Writers are often advised to write about the things they know best from personal experience, but unless he was lucky enough to enjoy a far greater variety of experiences than most other people, Dahl appears to have ignored this advice. Strangely, perhaps the part of this volume that I enjoyed least was the most personal, his first collection of stories "Over to You" which was based upon his wartime experiences in the RAF. Although deeply heartfelt, these generally lacked the wit and energy of his later work.

Dahl's other collections, "Someone Like You", "Kiss Kiss" and "Switch Bitch", and the uncollected stories published here as "Eight Further Tales of the Unexpected" contain a much greater variety of subject-matter, and suggest that the author was very knowledgeable about many different subjects- wine-tasting, the game of bridge, the art world, greyhound racing and the antiques business, to name only a few. As the title of the television series suggests, a feature of many of his stories is a sudden, unexpected twist at the end, a device which has been successfully used by many other short-story writers, perhaps most famously by O. Henry.

A frequent Dahl theme is that of the person who concocts an elaborate and supposedly foolproof scheme to achieve some disreputable end, only to be thwarted by events.
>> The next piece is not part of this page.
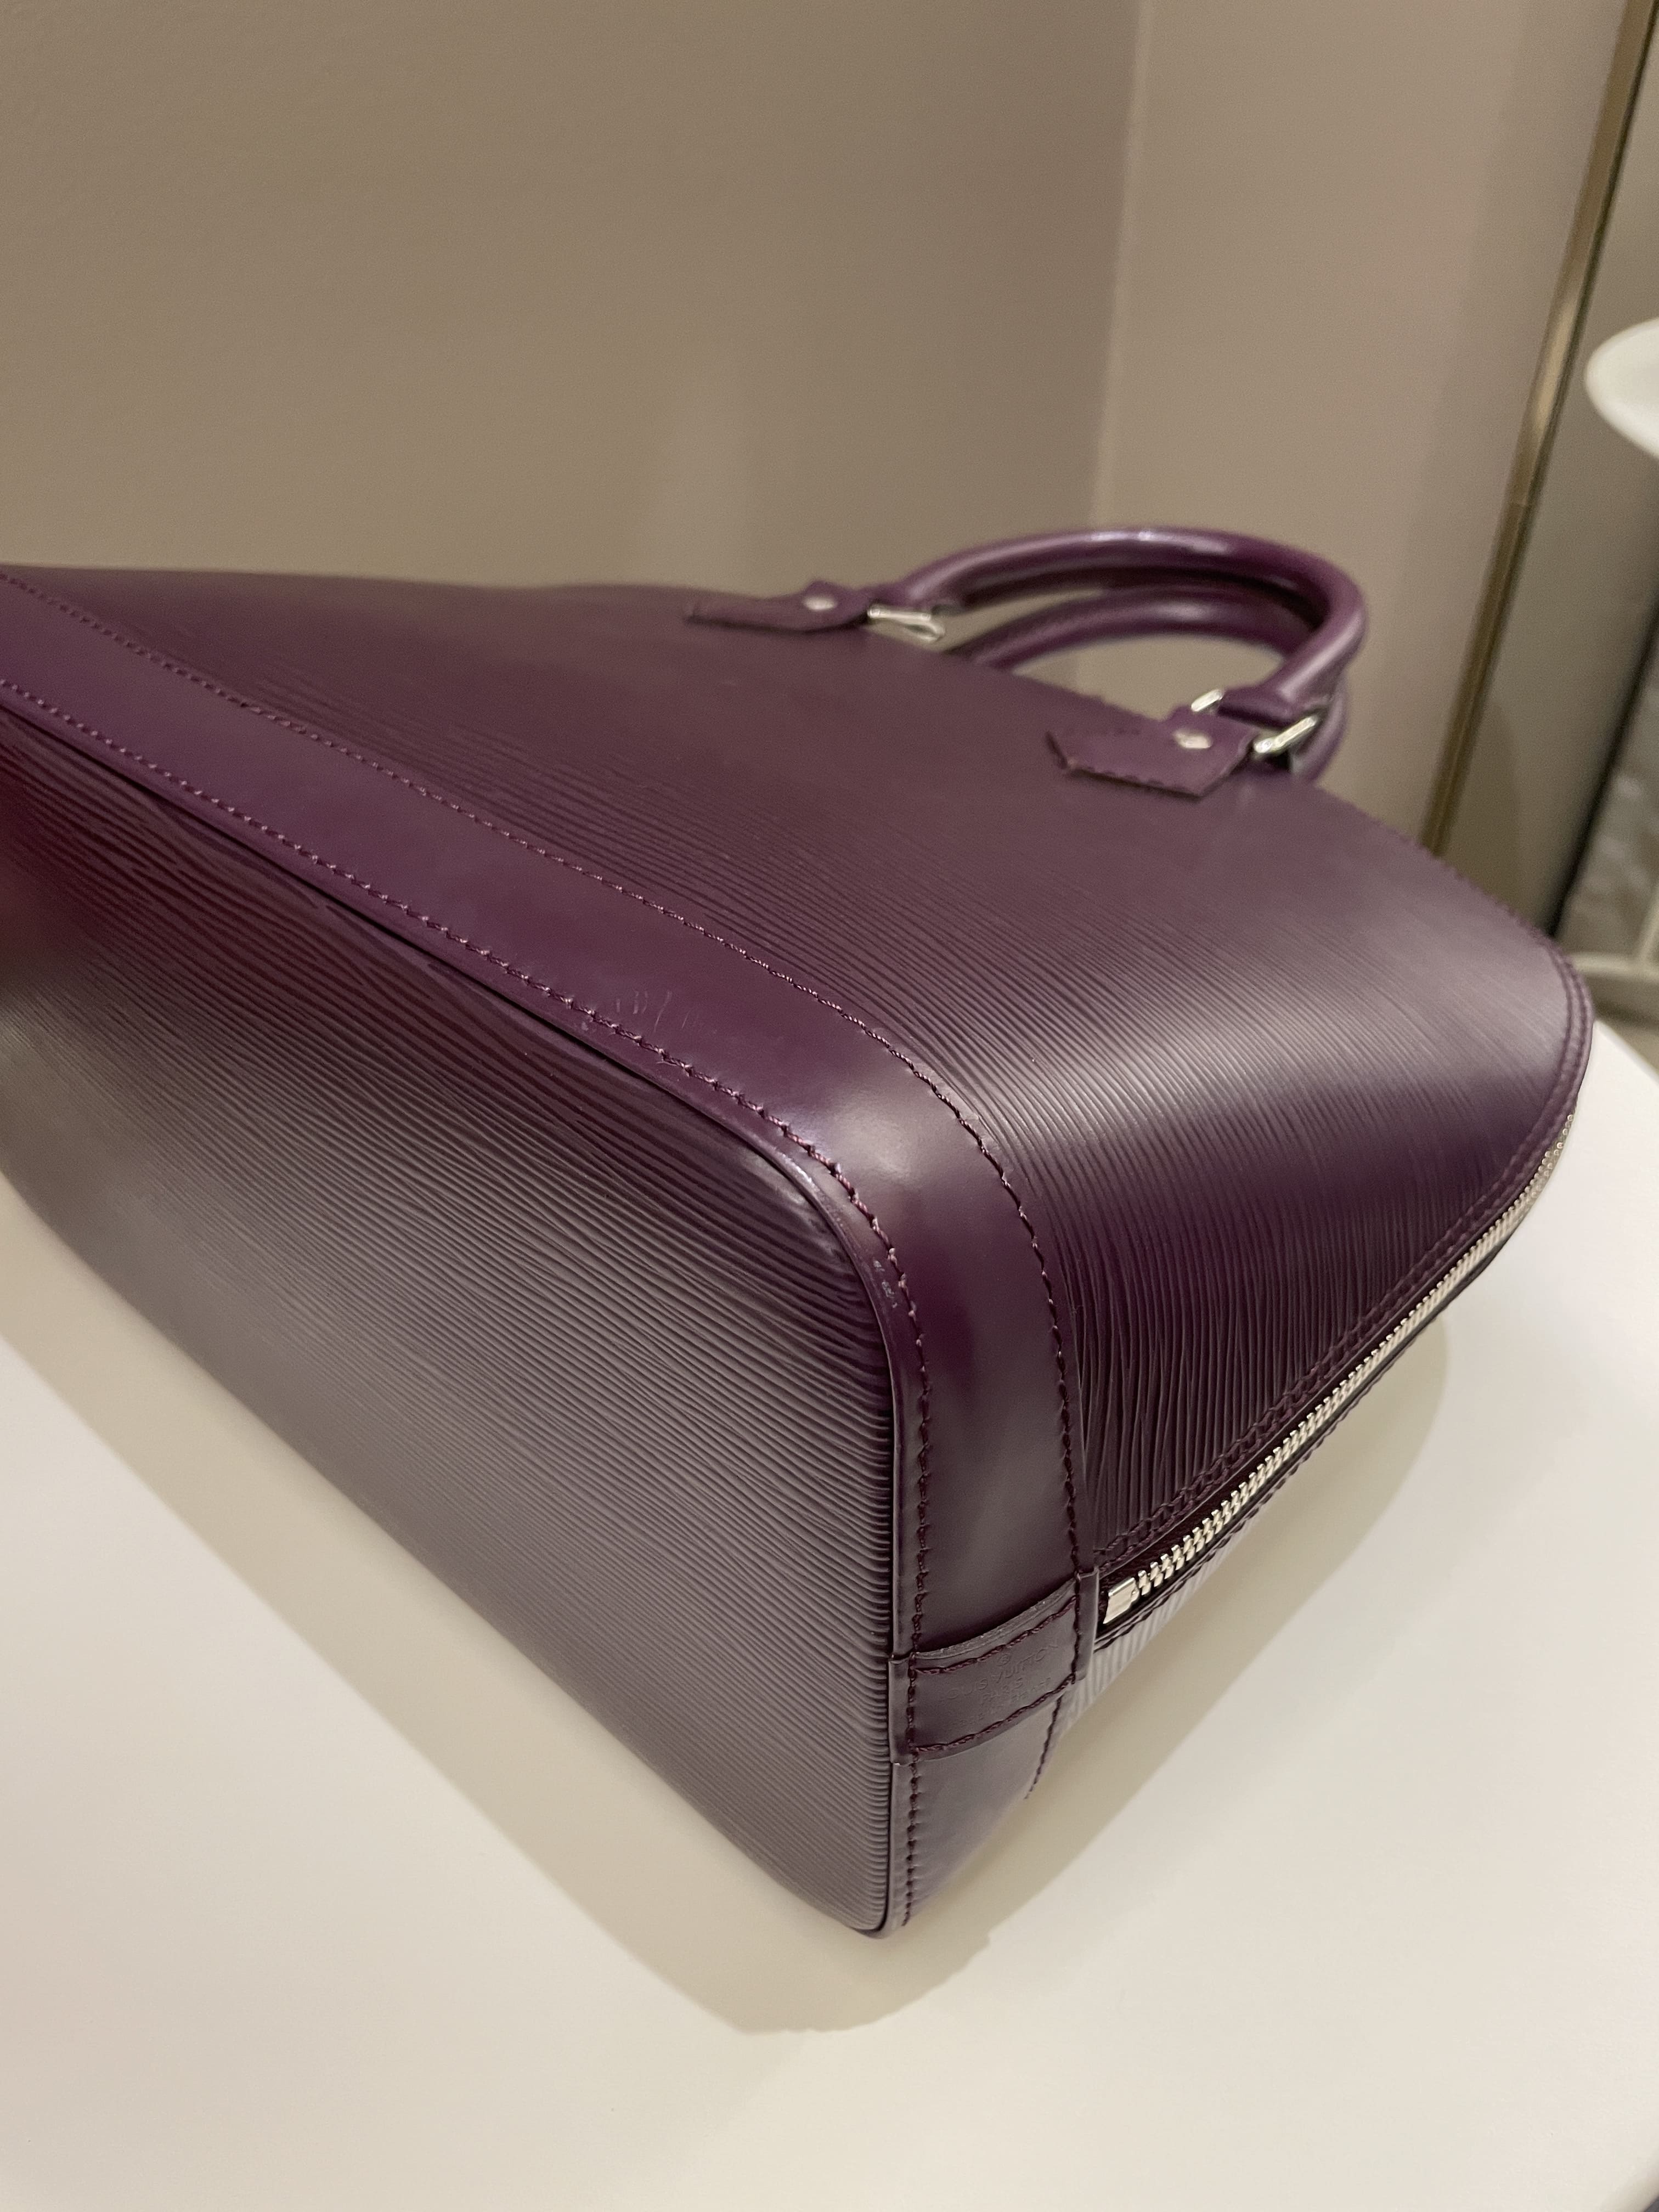 Louis Vuitton Cassis Epi Leather Alma PM Silver Hardware, 2008 Available  For Immediate Sale At Sotheby's

A bookseller sends out invoices for pornographic books supposedly purchased by their late husbands to grieving widows. An antique dealer poses as a clergyman in order to acquire valuable furniture at knock-down prices. An unfaithful wife pretends to have found a pawn ticket in order to conceal from her husband the fact that her lover has given her a mink coat. In each case an unexpected turn of events brings about their downfall. Of course, in some cases the twist- as in "The Umbrella Man"- is that the villain succeeds in his scheme.

Sometimes the twist is less important than what has preceded it. In "Galloping Foxley", for example, a middle-aged commuter believes that the man sitting opposite him is the bully who made his life miserable at school. The twist- that he has, in fact, misidentified the man- is not particularly startling- what makes this story memorable is Dahl's description of the man's schooldays and his experiences of vicious schoolboy sadism. Not all the stories succeed; I felt that at times Dahl gave too much rein to his appetite for the bizarre and gruesome, with the result that some stories such as "William and Mary" or "Pig" tended to descend out of the real world and into a sort of grotesque Grand Guignol. Nevertheless, for every story that fails there are several that succeed. And when one of Dahl's stories succeeds, the result can be a delight. Among my favourites are "Lamb to the Slaughter", in which a woman who has killed her husband finds a neat way of disposing of the evidence, "Taste" which features the ultimate wine snob, "The Great Switcheroo" with its curious wife-swapping session and "The Surgeon" in which a stolen diamond is returned to its rightful owner by a most curious route. I suspect that most readers will find as much to enjoy in this collection as I did.